*Recorded information*.
════════════════

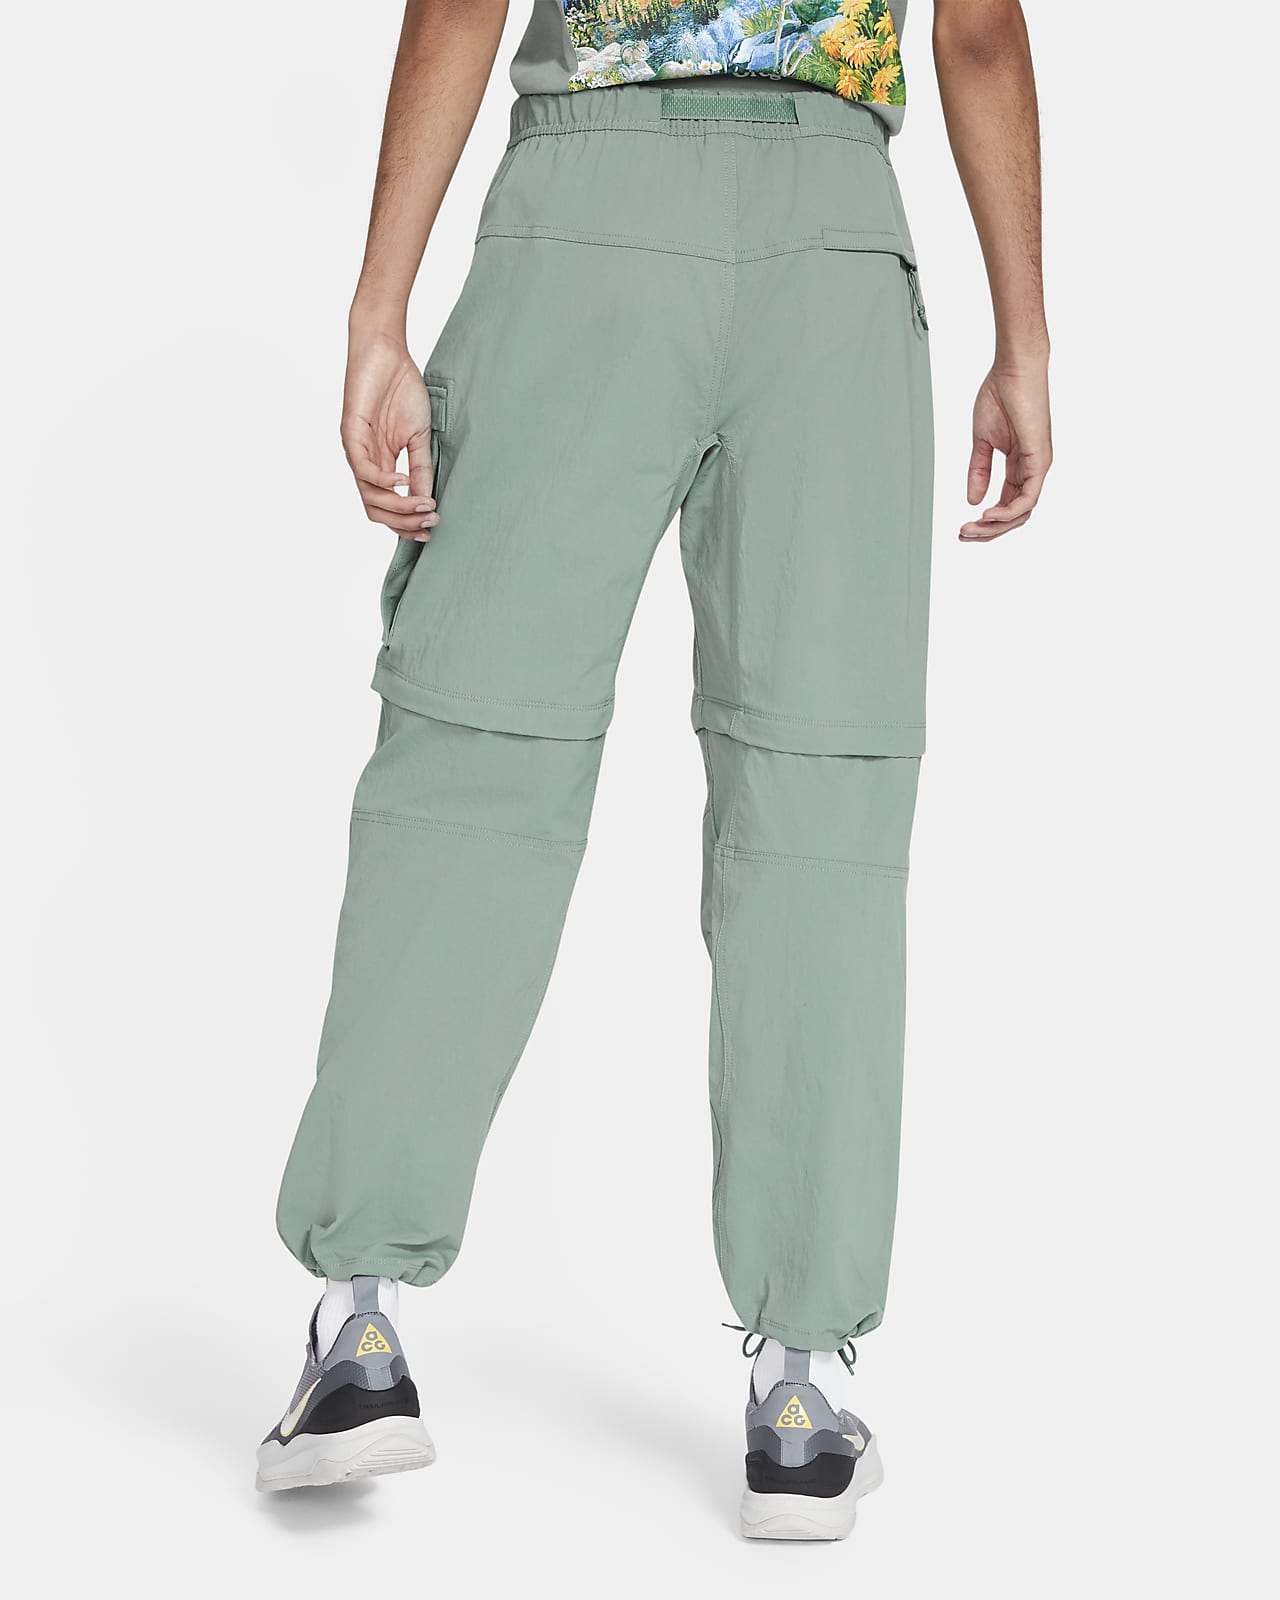 green nike cargo pants
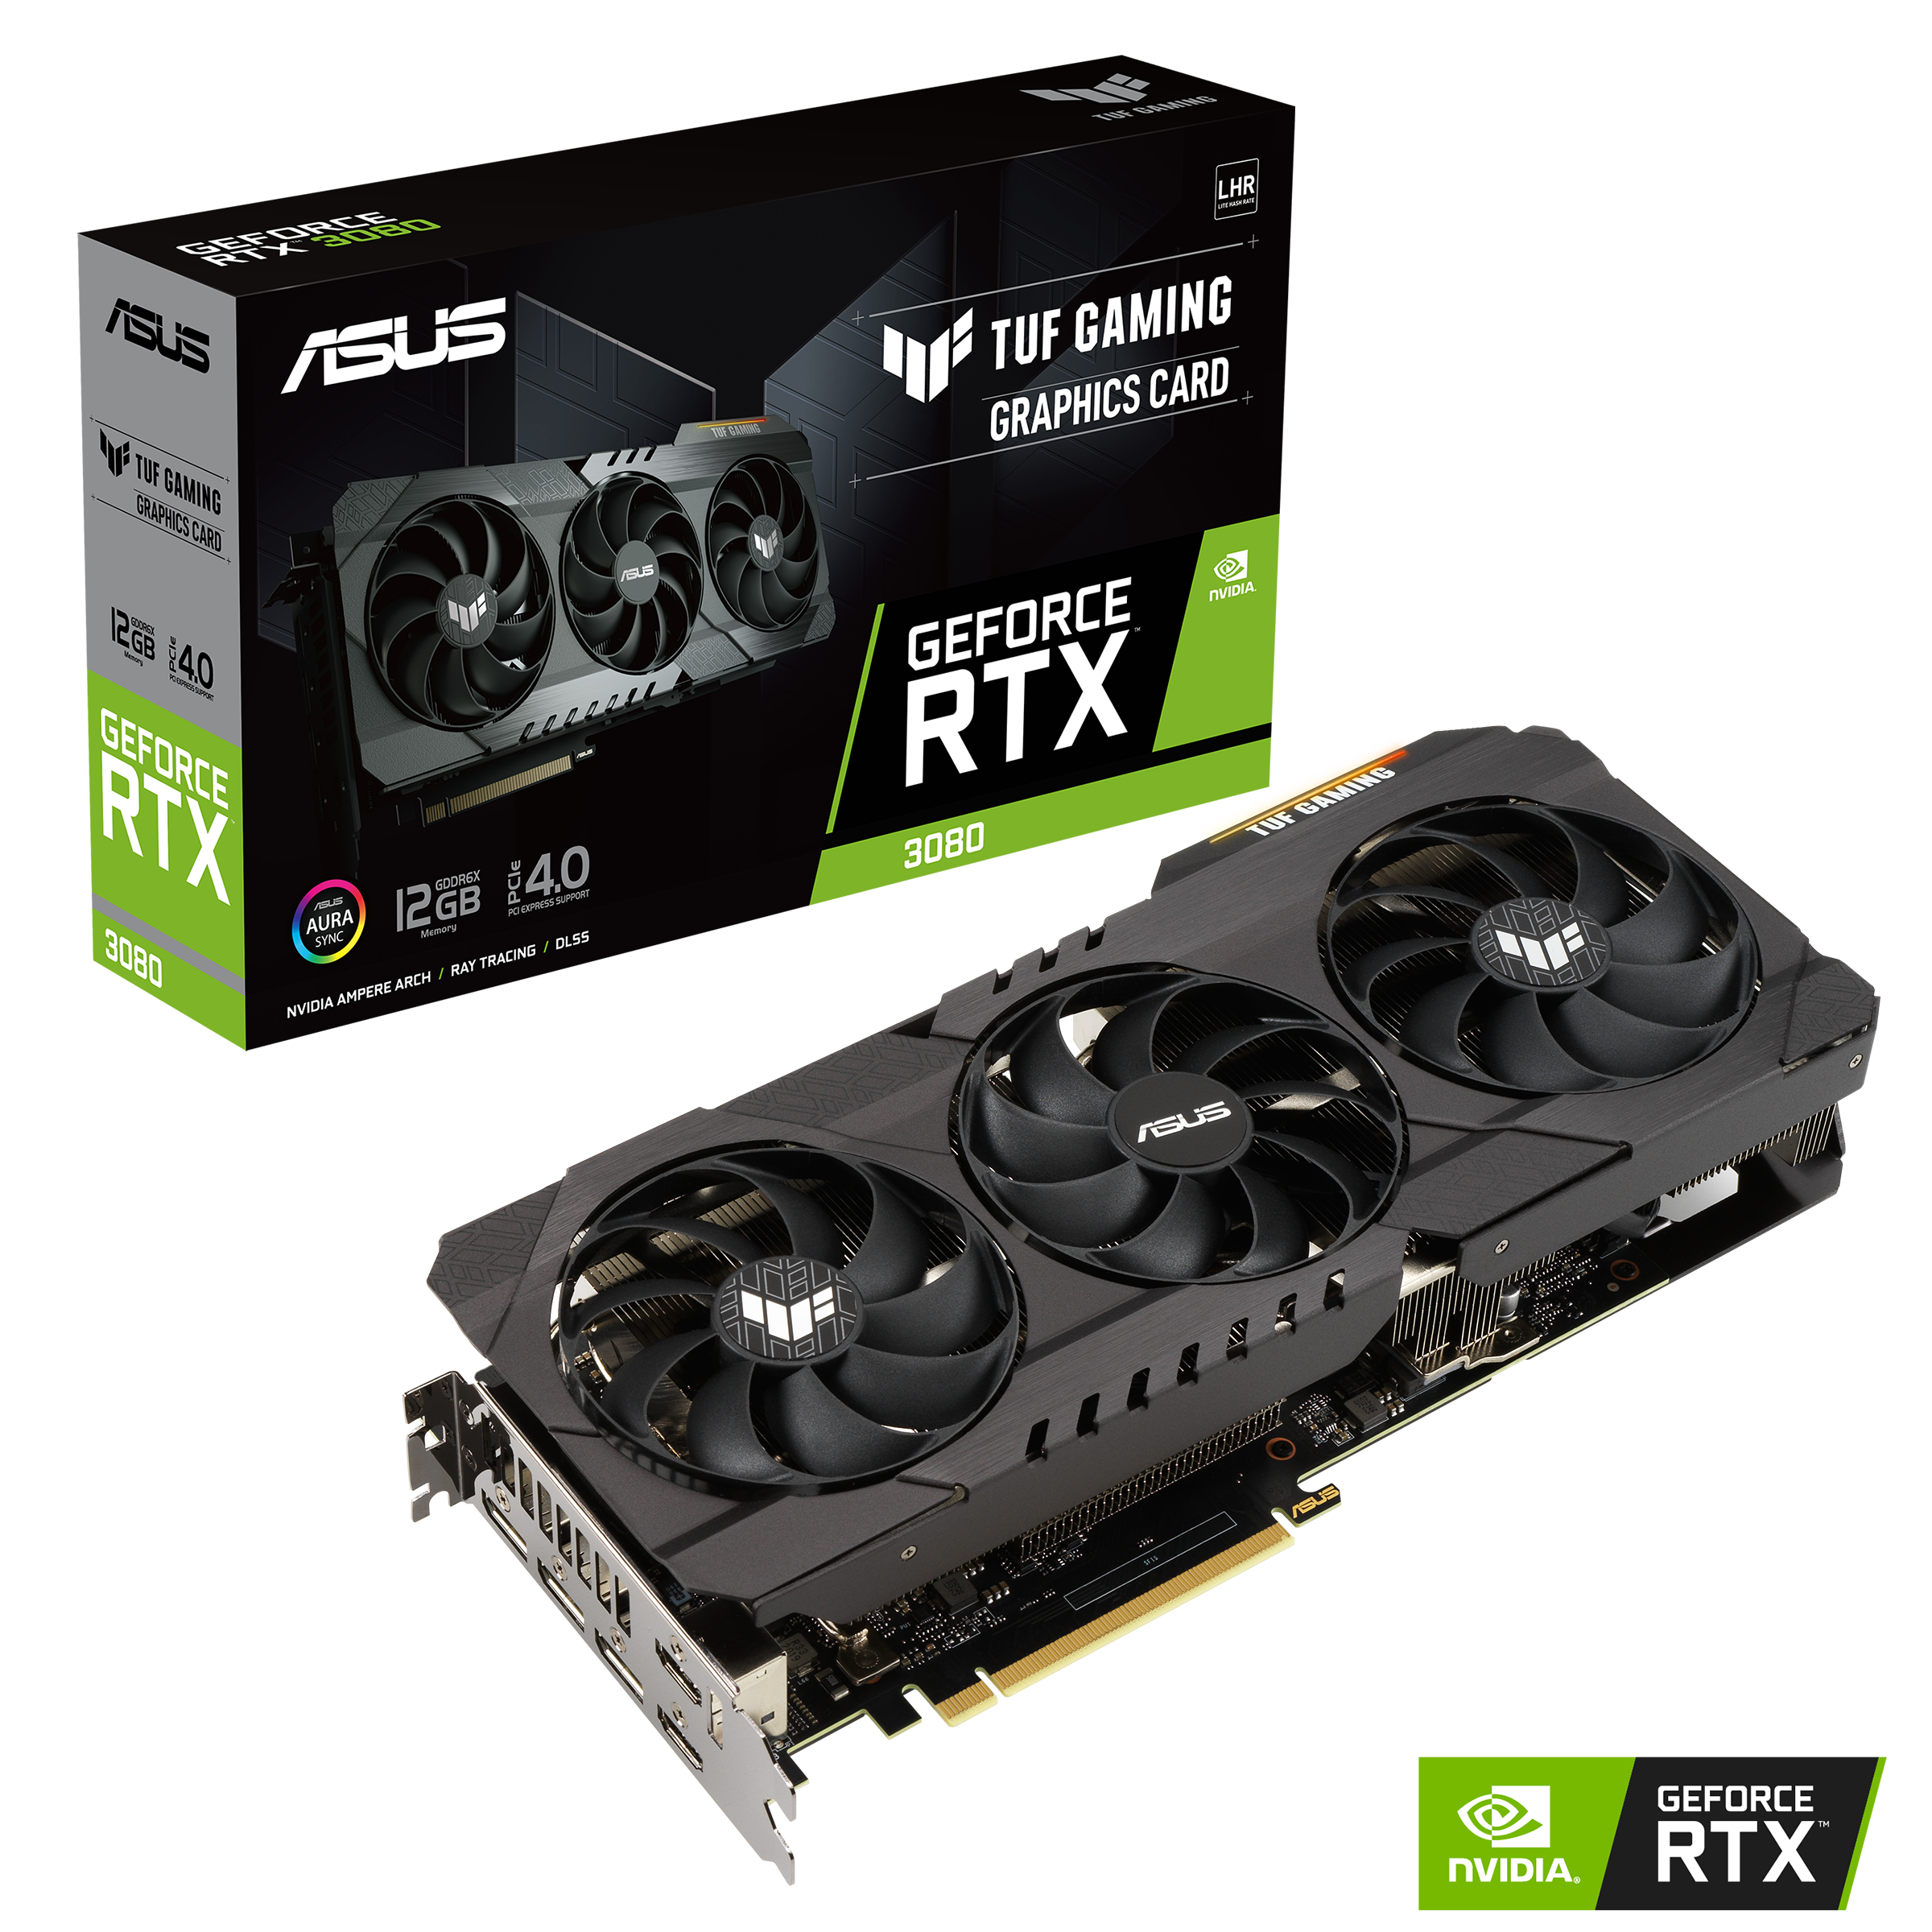 新品未開封　ASUS GeForce GTX1660 super
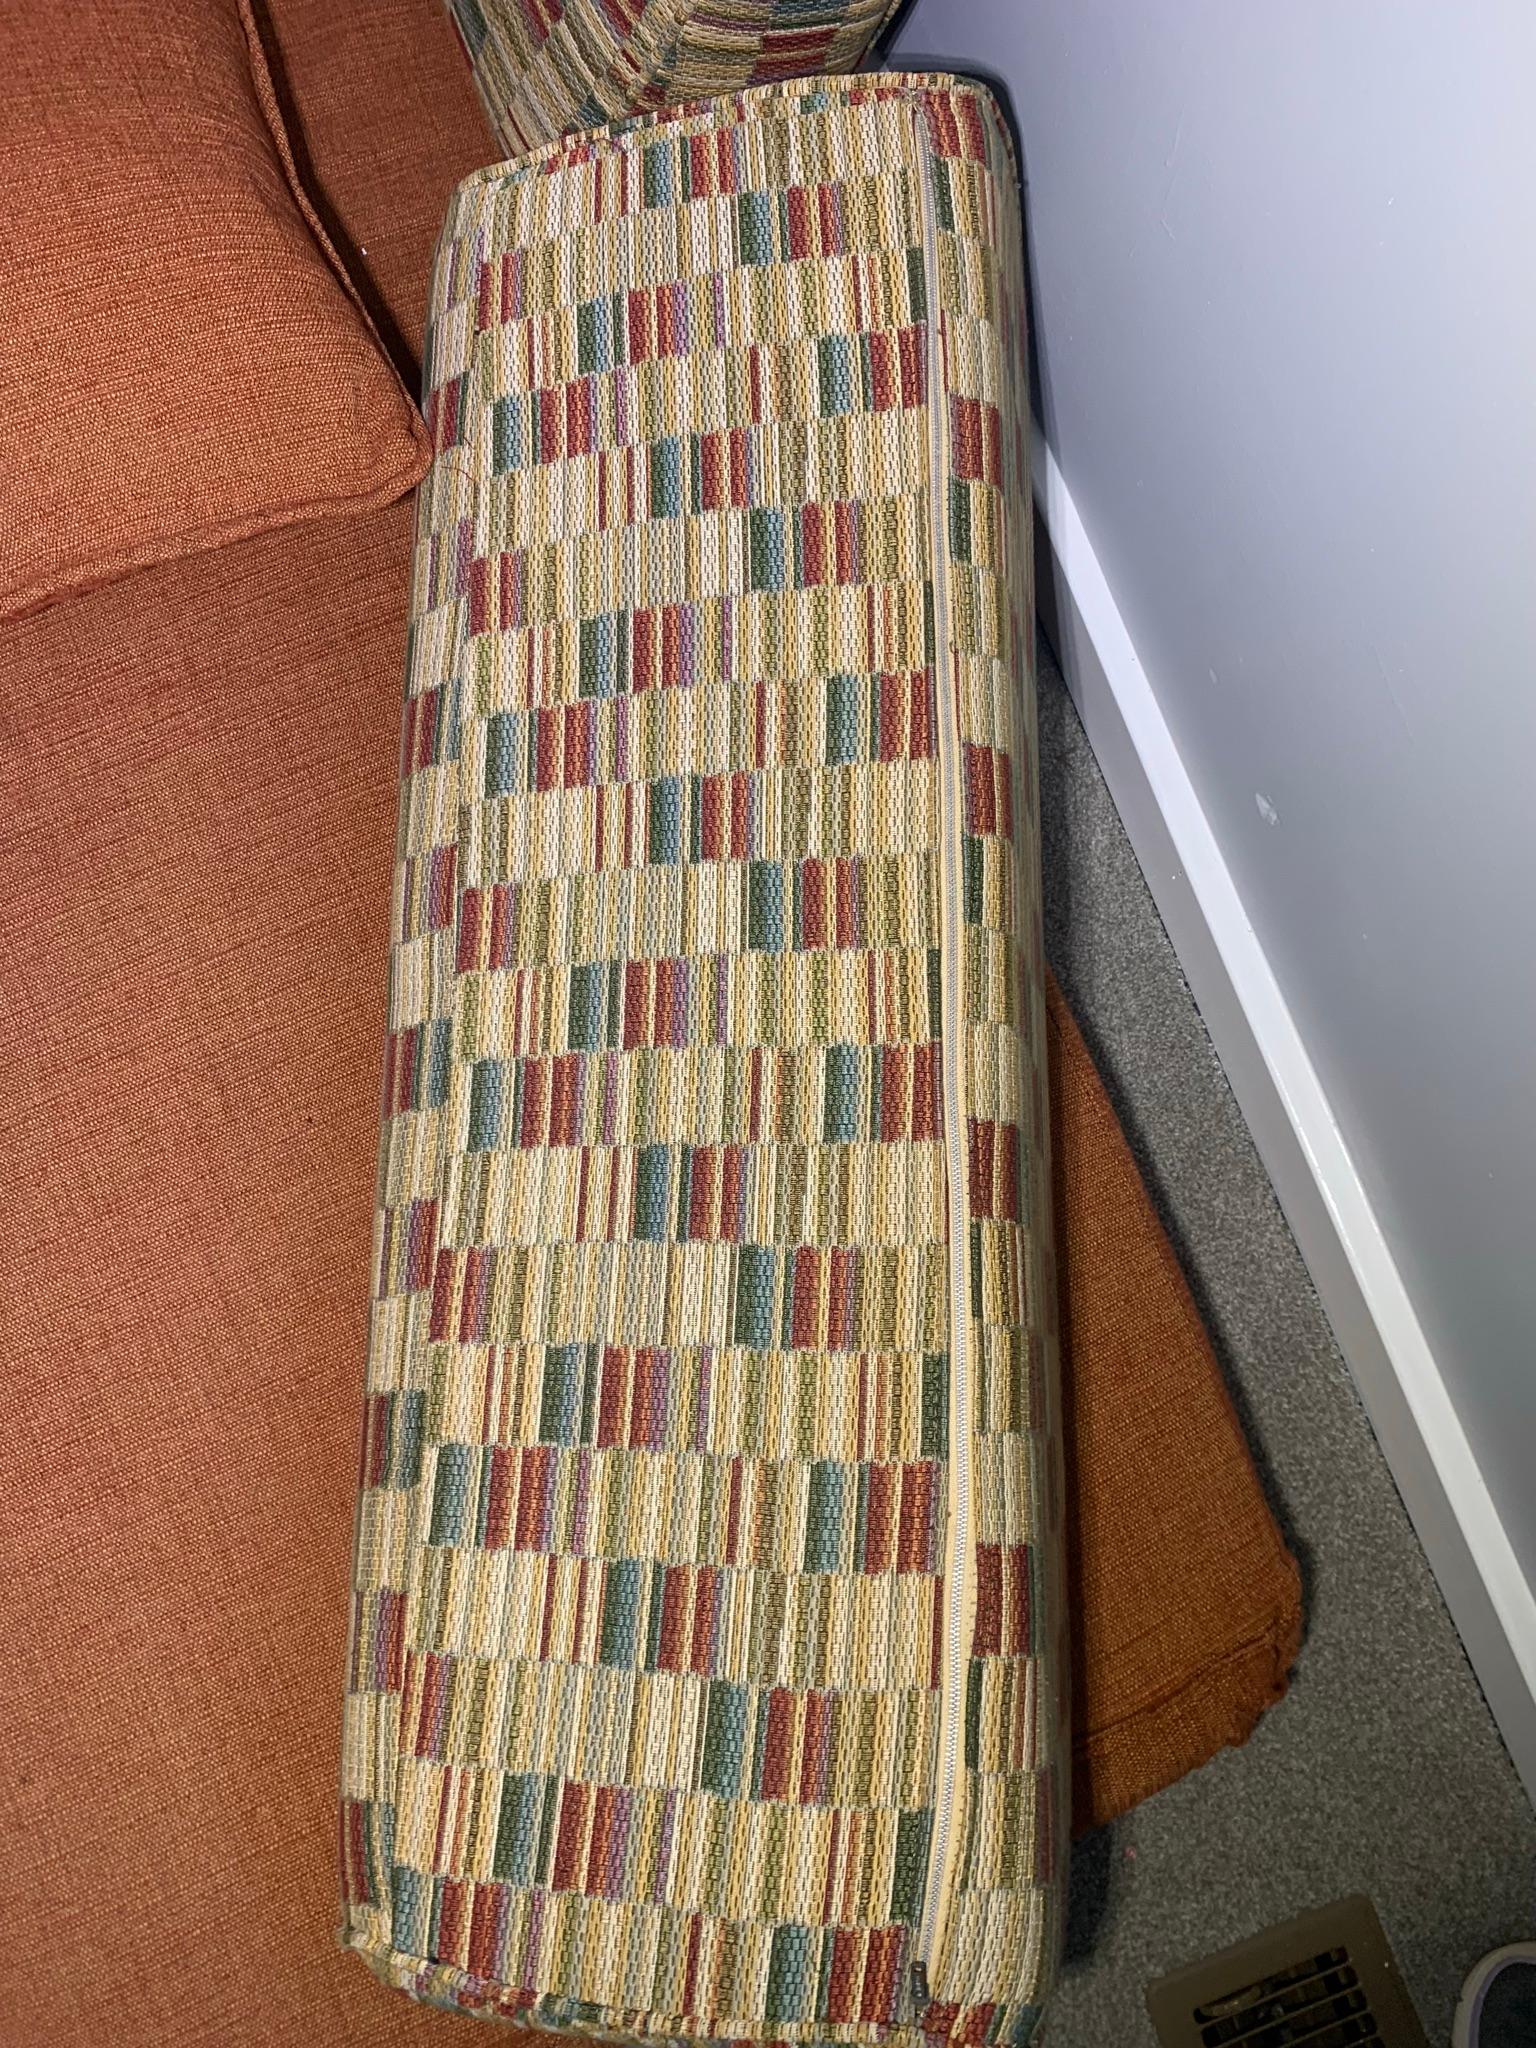 Danish Modern Cushion with Wedge Pillows

════════════════

Retype the whole listing word for word. Skip the pictures.

*Expected answer*.
 green nike cargo pants
 新品未開封　ASUS GeForce GTX1660 super
 Danish Modern Cushion with Wedge Pillows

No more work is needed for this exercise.